In other words - I suck at them.

What I do excel at is building websites. Currently working on a website for
agents to sell insurance in Angular 6 with a C# .net core backend. I've worked
on websites as small as restaurant websites to company defining websites where
they live and breath based on the success of their site (one in particular, I
did by myself, over the span of a year and it's quite massive in it's
functionality)

Possibly rhetorical then (and a serious question) - why is a developer who can
pass a challenge like this better then me / worth more then me? So... I can't
accomplish that challenge with 4 people watching me on a whiteboard.
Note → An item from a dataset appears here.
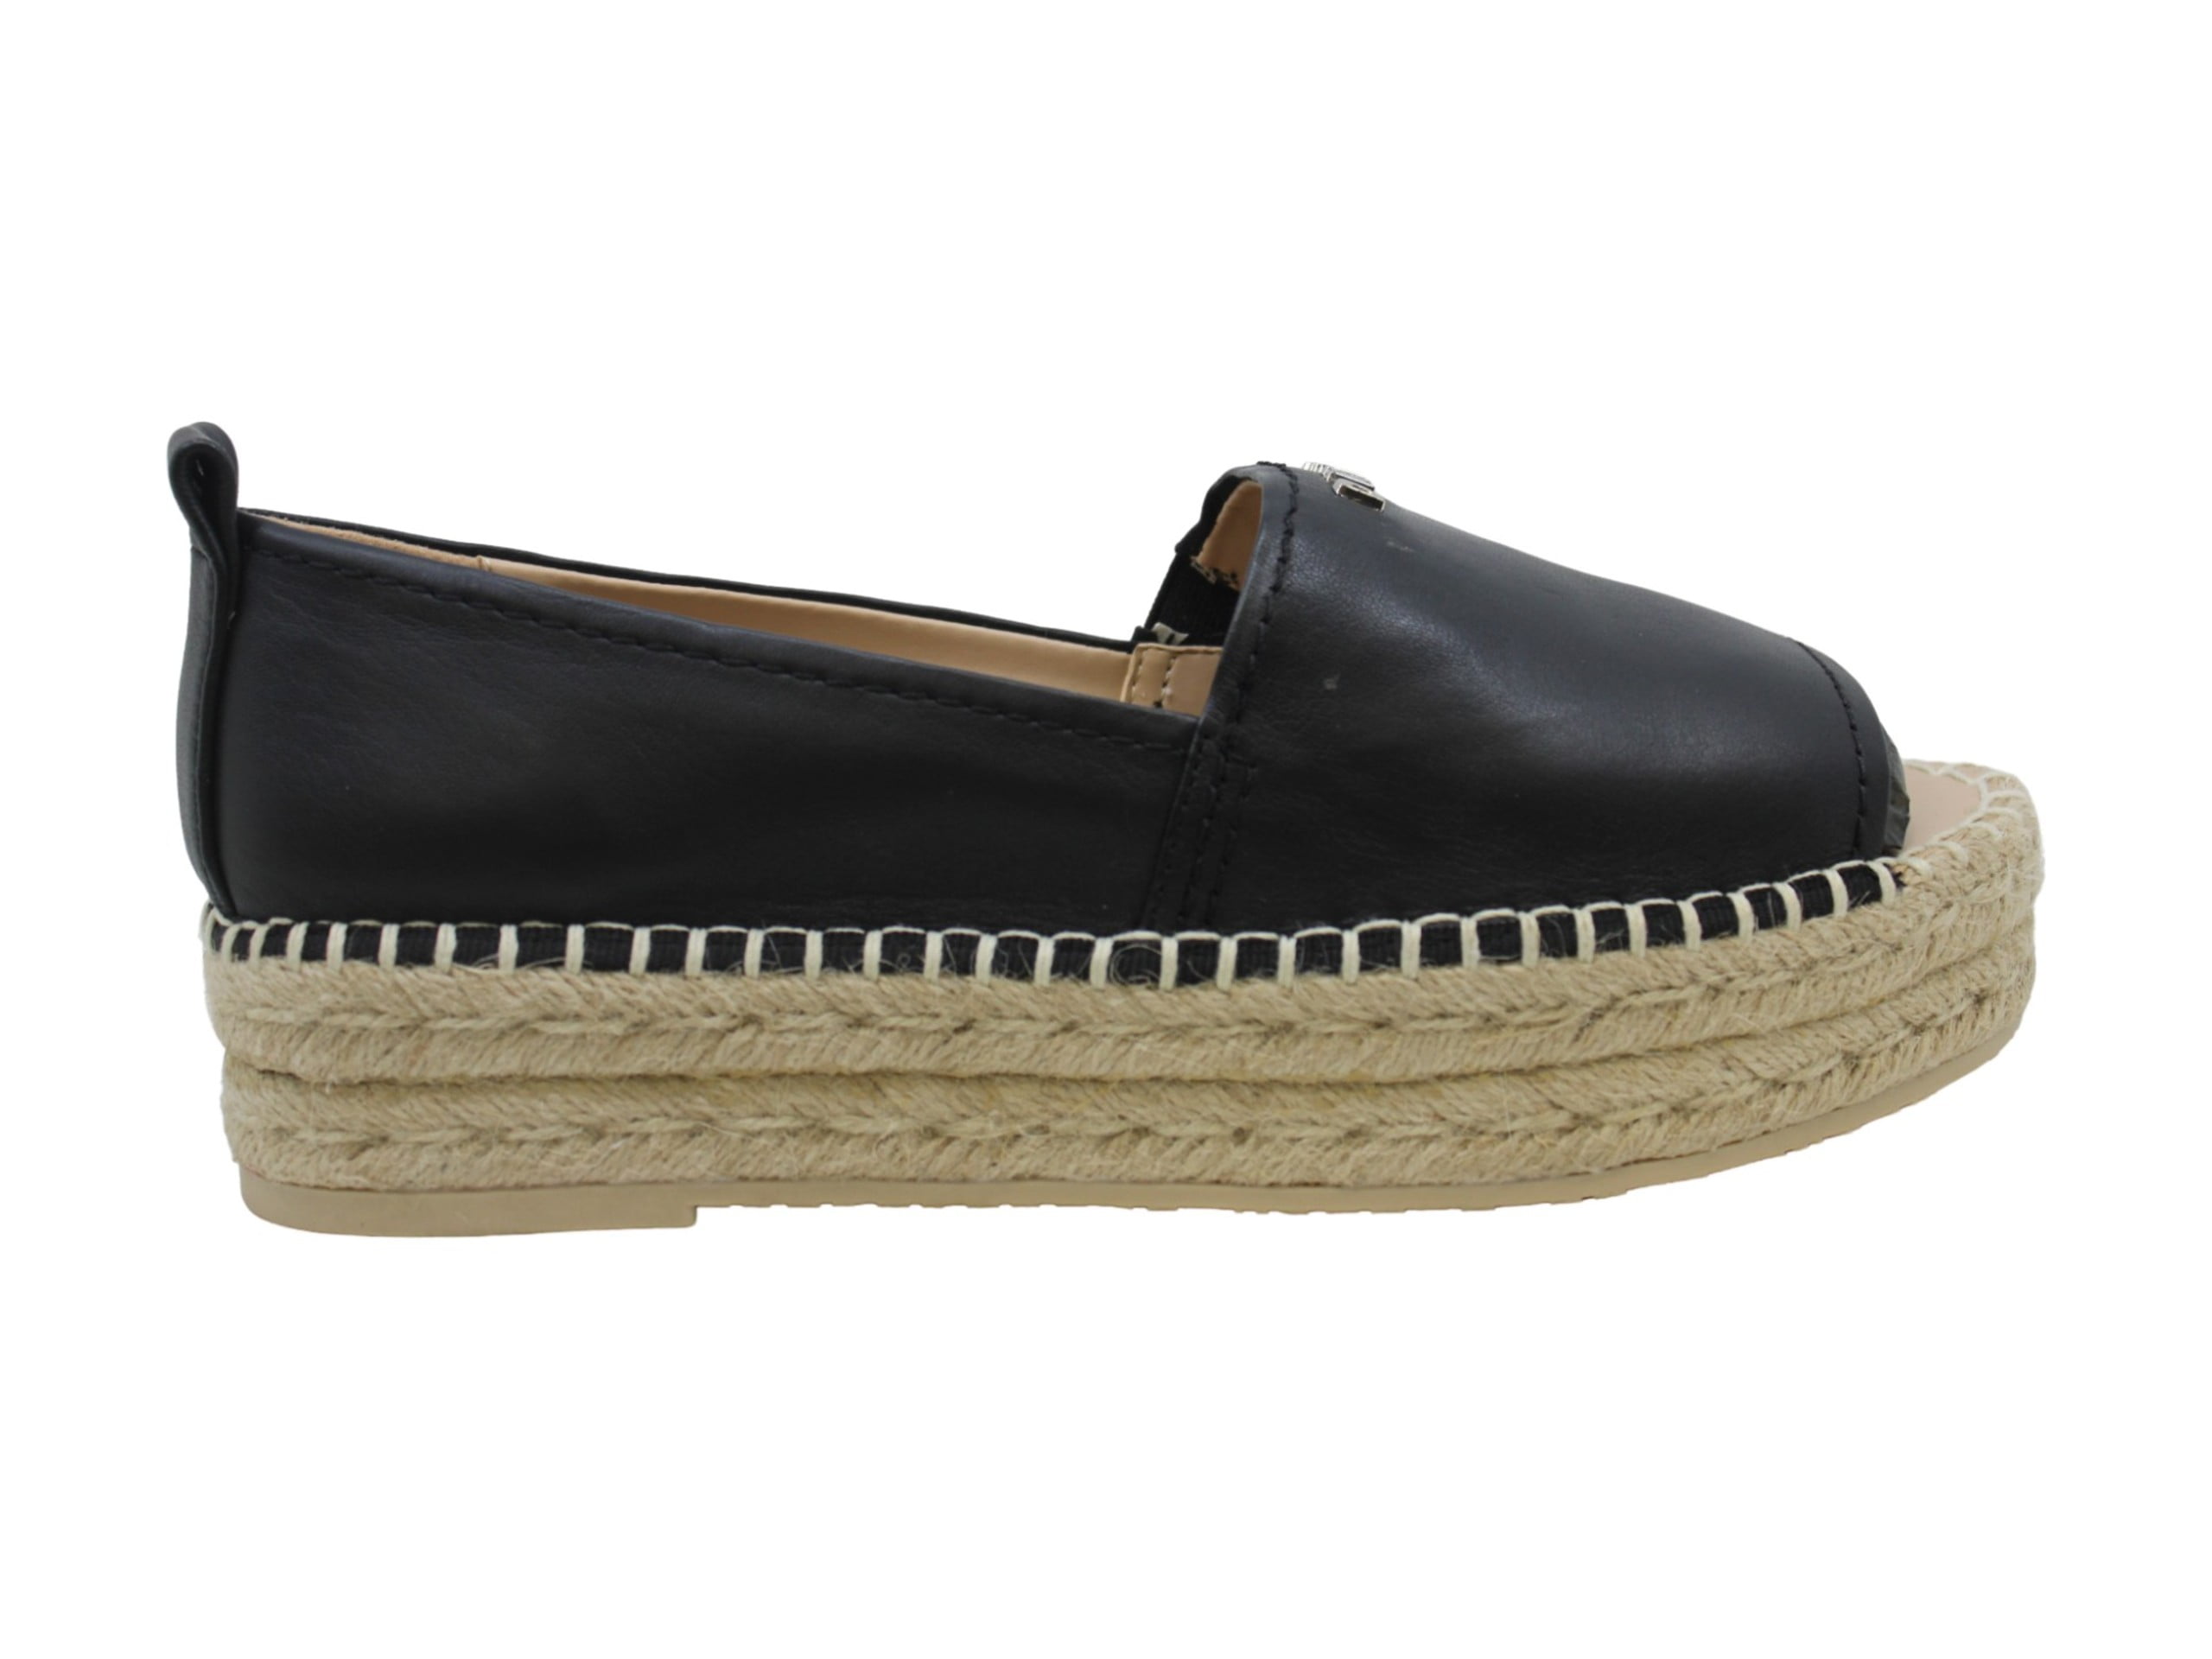 DKNY Womens Mer Leather Open Toe Casual Espadrille Sandals, Black, Size ...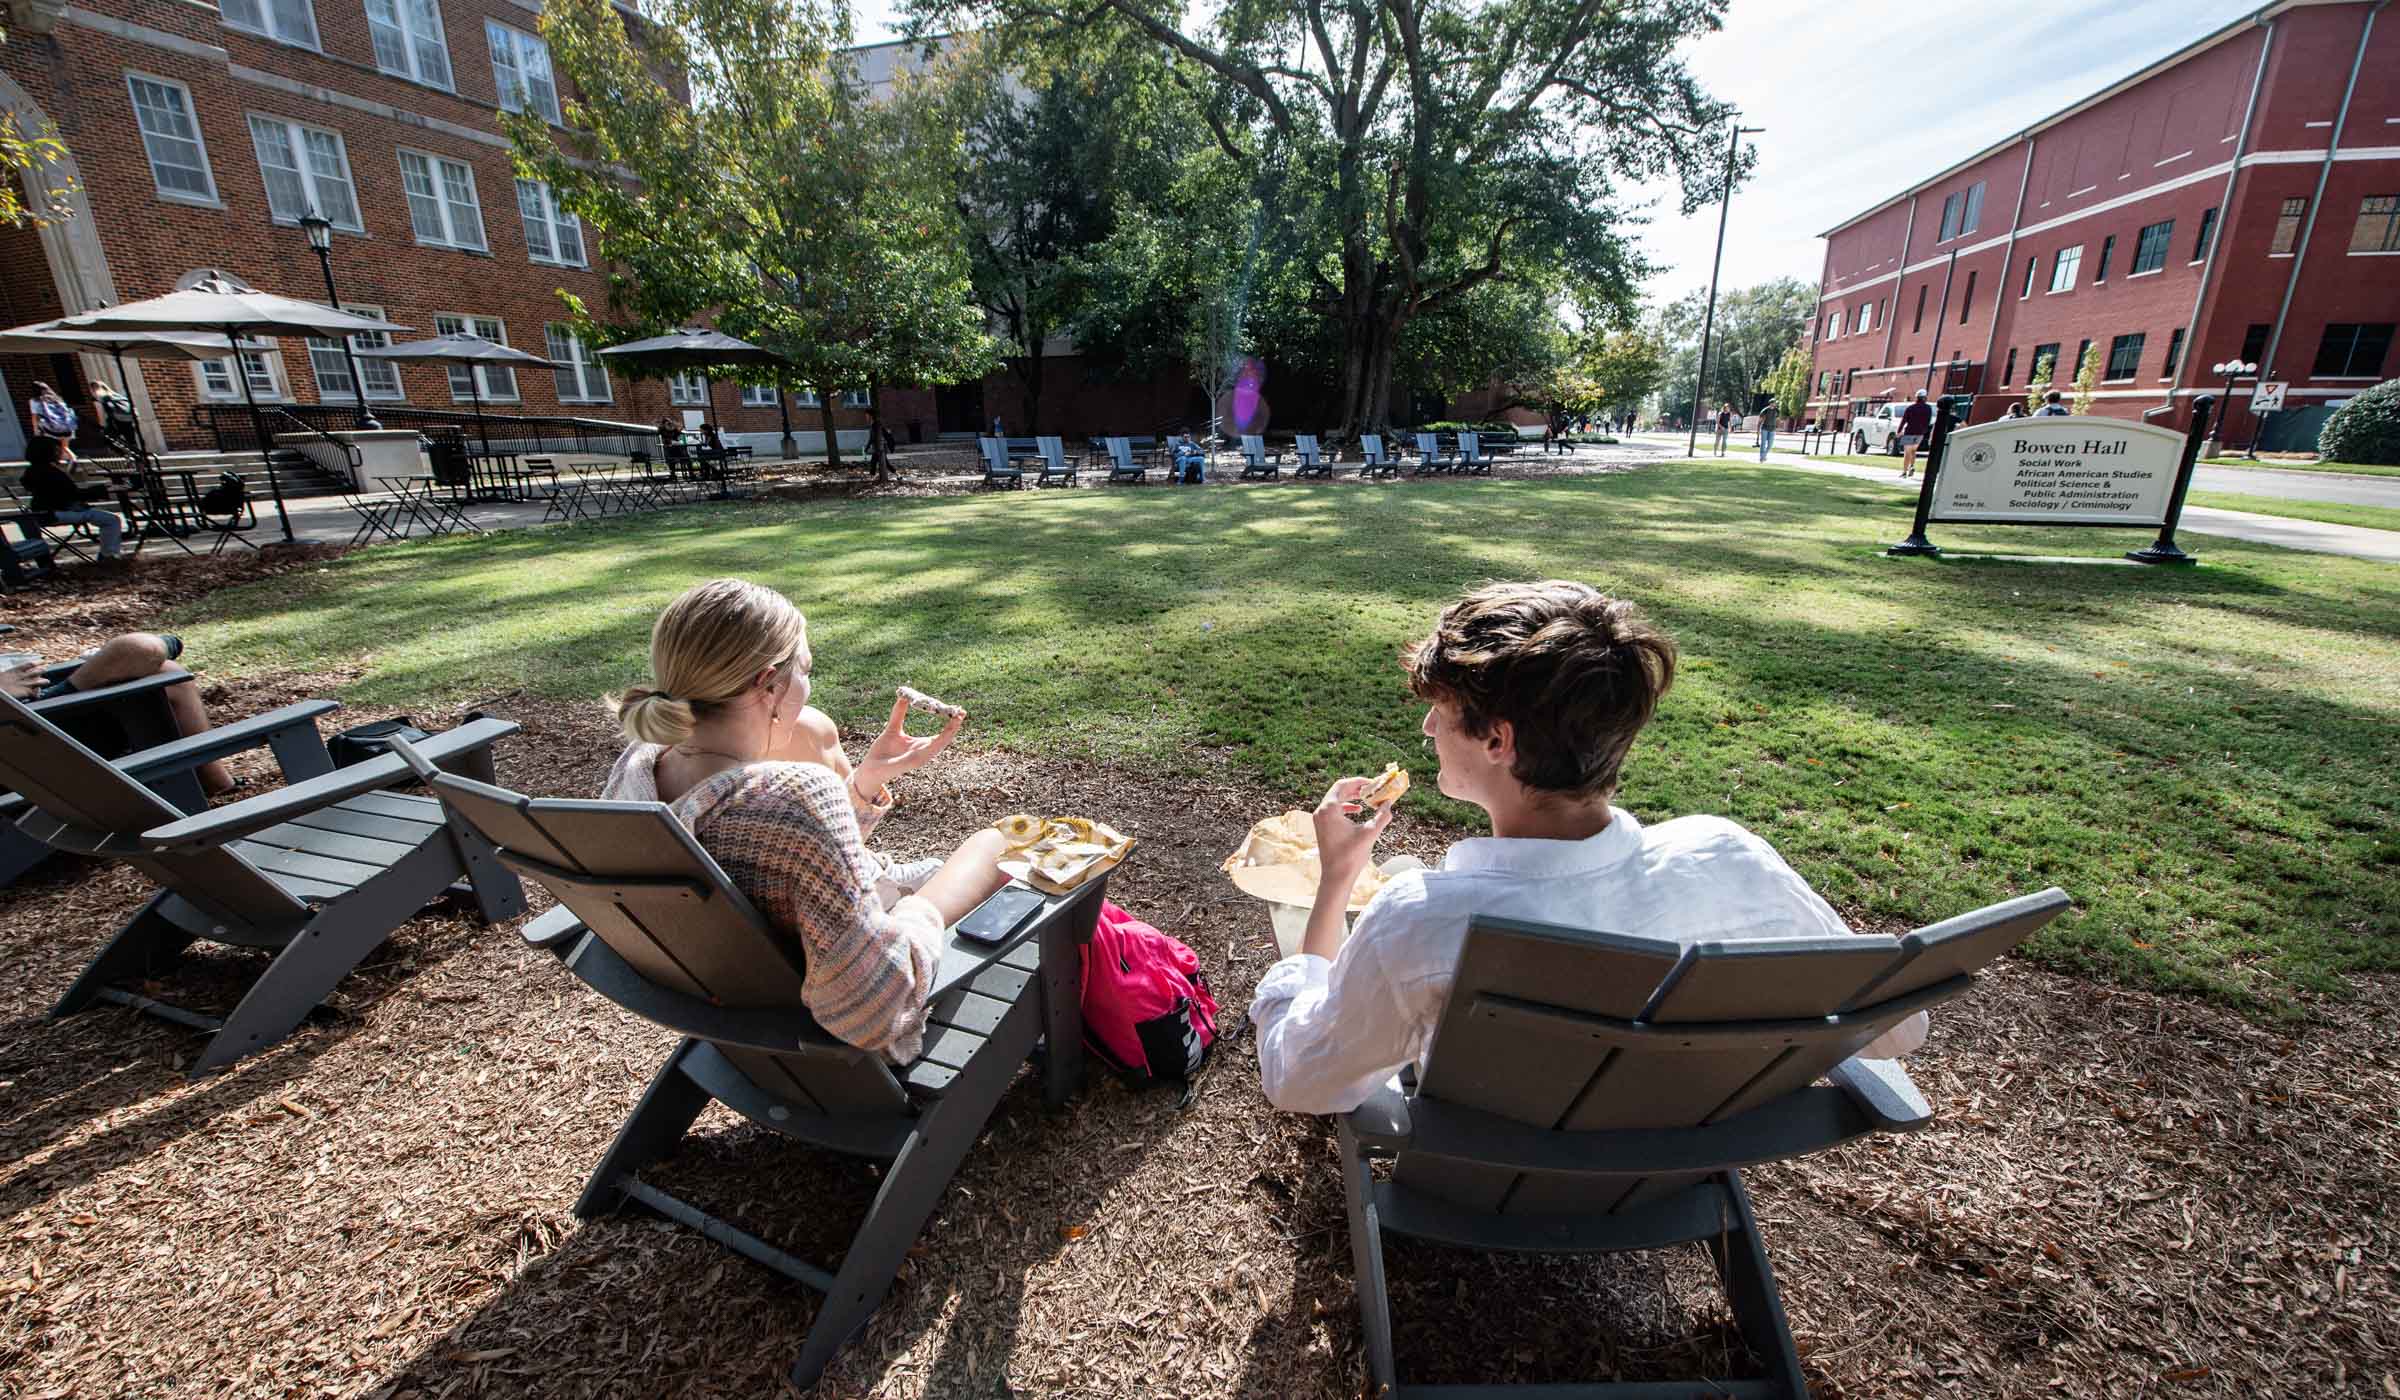 Two students sit in Adirondack chairs in the sunshine outside Bowen Hall.

I do ship
code though, hit 99/100 deadlines given to me and my code is well thought out,
readable, works, and is on budget.

Maybe these are just different jobs then I'm used to - I do tend to gravitate
towards agency style work - and don't get me wrong, I make a good buck - but
I've given up on trying to obtain the fancy jobs at google or apple or etc...
and am (content?) taking my get it done jobs.

Any resources available to help teach to think in the way of these challenges
?